Question 3: What are the top Python packages I need to use and learn in this course?

Answer:
The key Python packages you'll use and learn in this course include:

  • Matplotlib: Essential for creating a wide range of static, animated, and interactive visualizations.
  • NumPy: Crucial for numerical computing, handling arrays, and performing mathematical operations efficiently.
  • Pandas: Vital for data manipulation and analysis, especially when working with structured data (e.g., tables and data frames).
  • Seaborn: Built on top of Matplotlib, this package makes it easier to create visually appealing and informative statistical plots.

Additionally, we may also use:

  • Plotly: Useful for creating interactive plots, dashboards, and web-based visualizations.

Question 4: What is the textbook for the course?

Answer:
We do not use one single source, but this class draws heavily from materials presented in the following book:
Claus O. Wilke. Fundamentals of Data Visualization. O’Reilly Media, 2019.


Question 5: Do we follow the order of chapters in the book?

Answer:
Short: No.

Longer: Claus himself teaches about data visualization and he does not follow the chapter order of the book. We follow almost his lecture order. His course can be found here: https://wilkelab.org/DSC385/.

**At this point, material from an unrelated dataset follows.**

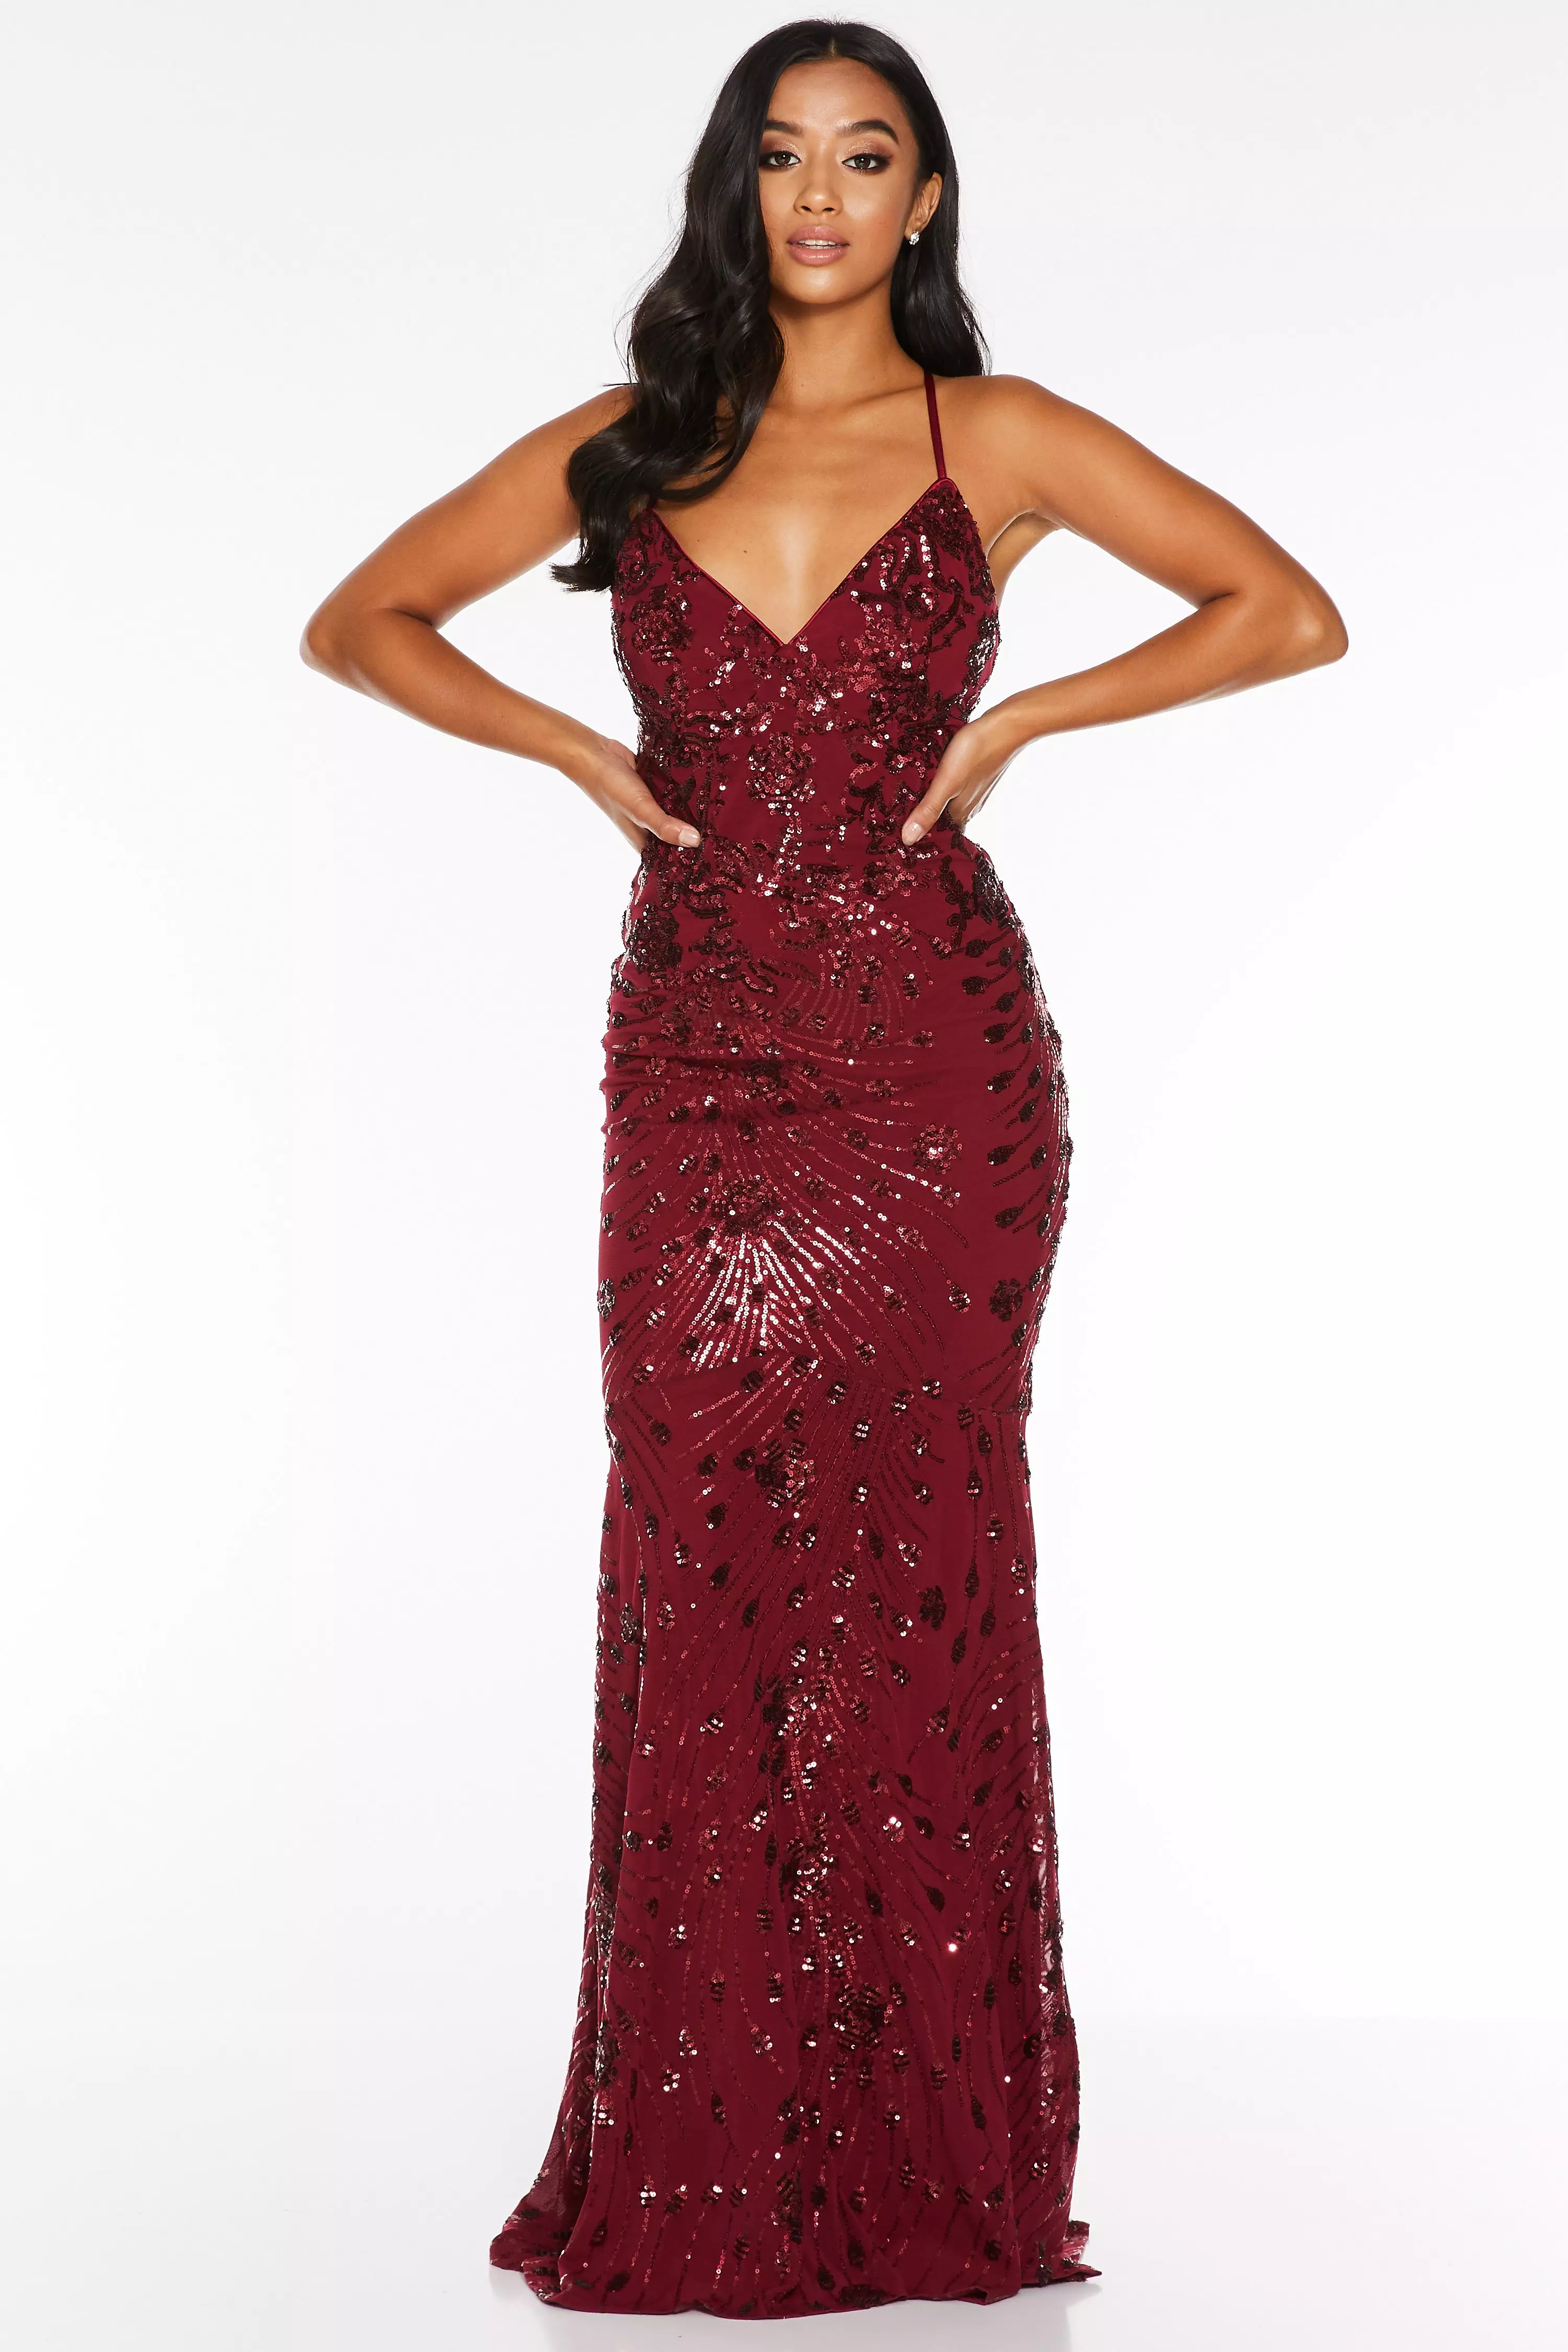 Petite Berry Sequin Backless Fishtail 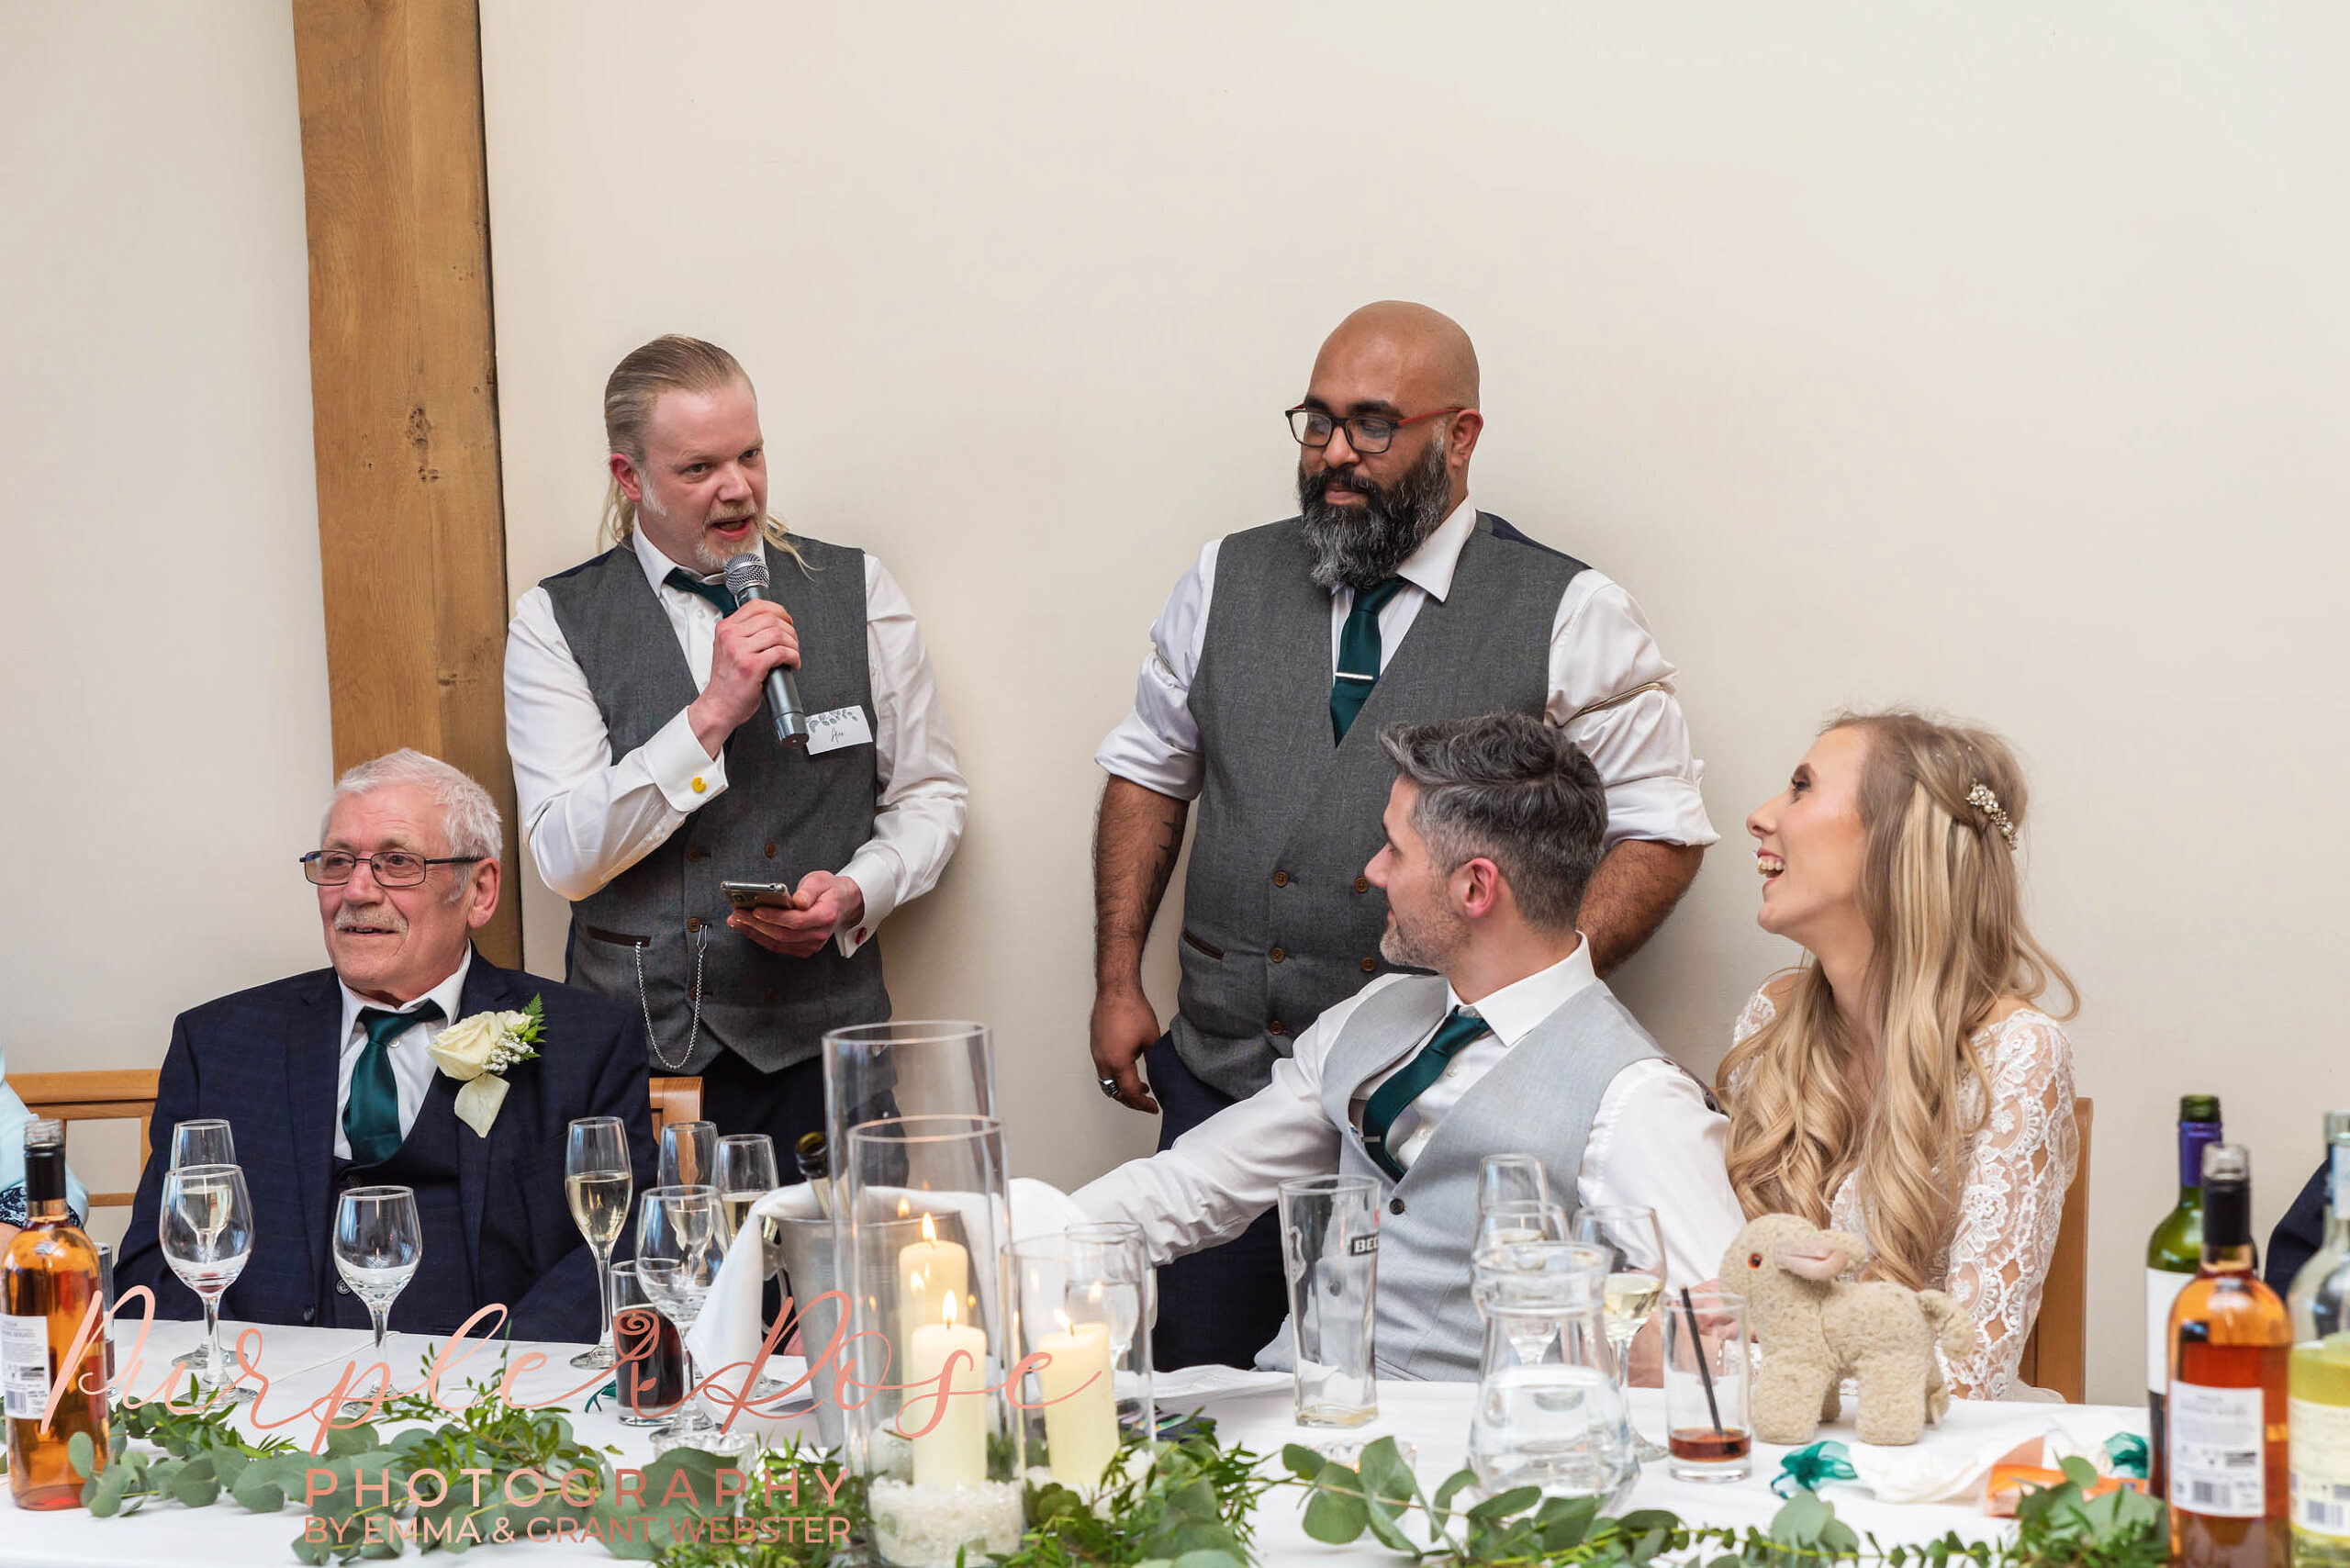 Photo of a bride and groom laughing during the speeches at their wedding in Milton Keynes

Question 6: Why do we use GitHub instead of Blackboard?

Answer:
We use GitHub because it mirrors industry standards. In Data Science and related fields, proficiency in version control and collaboration tools like GitHub is essential. While Blackboard is useful for managing coursework, it doesn't prepare students for the kind of collaborative, code-centric work environments they’ll encounter in their careers. Mastering GitHub not only builds your coding skills but also enhances your ability to contribute to real-world projects, track changes, and collaborate with others. This makes it a much more valuable skill for your future career.


Question 7: Why do we need to learn Markdown?

Answer:
Markdown is an essential tool for any data scientist or developer. It's a lightweight, easy-to-learn format for creating well-structured, readable documentation. You’ll use it extensively in GitHub to document projects, in Google Colab to write clean, organized notebooks, and even in MS Teams for seamless communication. By mastering Markdown, you enhance your ability to create professional reports, share code effectively, and collaborate with others in any technical environment. It’s a skill that not only improves your workflow but is also highly valued in the industry.


Question 8: To be successful in this course and Data Science, do I need to be an expert in any field?

Answer:
No, you don’t need to be an expert. What matters most is curiosity and a willingness to work hard and ask for guidence when you feel lost.